The life raft drifts up and down in huge waves. Some passengers feel very bad, others brave the seasickness. This is also an example from an SMIM research project. Fortunately, the life raft is not floating on the high seas but in a marine training swimming pool in Neustadt / Holstein. It is uncomfortable, but not dangerous, for the passenger of a cruise ship to get seasick or to prevent nausea with medication, but to become very tired due to the side effects of the travel tablets. Both would be very problematic for the crew of a warship or submarine. All crew members must be fully operational, especially when deployed in a storm.

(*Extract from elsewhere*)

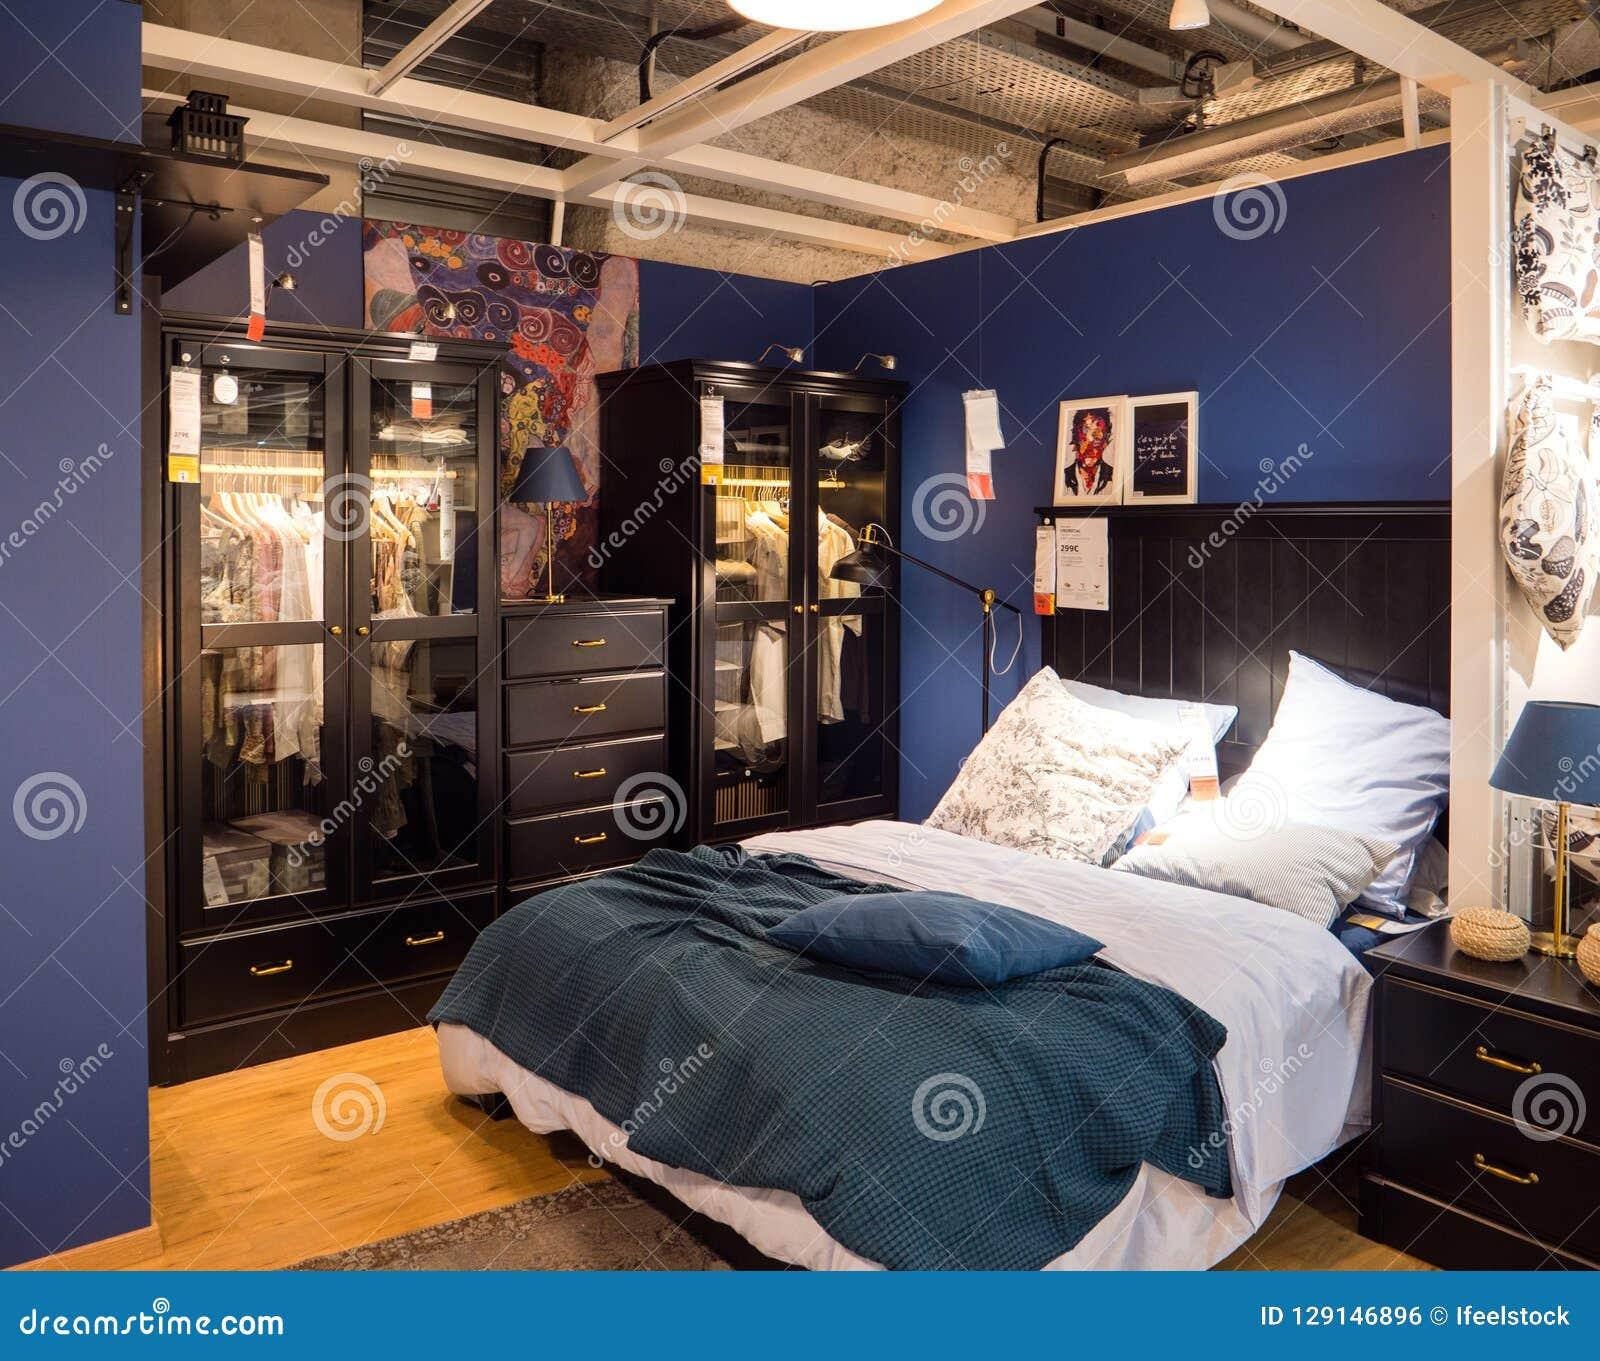 Swedish Bedroom Ikea Store Editorial Photo Image Of Hotel 129146896

The researchers therefore first have to understand how nausea, dizziness or headache break out in seasickness or other so-called kinetoses. Put simply, stress arises when the body is moved by driving, air or ship movements, but the eye does not actively perceive this, for example because the workplace is below deck or the person concerned is sitting behind the driver. It is noteworthy that the driver of the vehicle rarely falls ill.

One of the effects of stress is that histamine, a hormone that makes the stomach vomit, is released. The release of histamine can be inhibited by drugs that are otherwise used as antiallergic drugs or sleeping pills. So the question to the researchers is how the crew can remain capable of action during an operation.

There are now suspicions that the otherwise largely harmless vitamin C could inhibit histamine. This is shown by the experiments in the swimming pool. However, whether vitamin C would be approved as a drug for this purpose would have to show costly clinical studies, which because of the high costs are not attractive for the pharmaceutical industry and cannot be financed for a federal research institution. Perhaps the research will come to a conclusion that will help the Navy as well as any civilian traveler.

The SMIM is the central medical facility of the Navy and makes its marine medical competence primarily available to the fleet and the Navy as a whole. In diving medicine, services are also provided for the entire Bundeswehr. Research focuses on diving and hyperbaric medicine, as well as special aspects of shipping medicine. As the Maritime Medicine Section, the SMIM cooperates closely with the University of Kiel.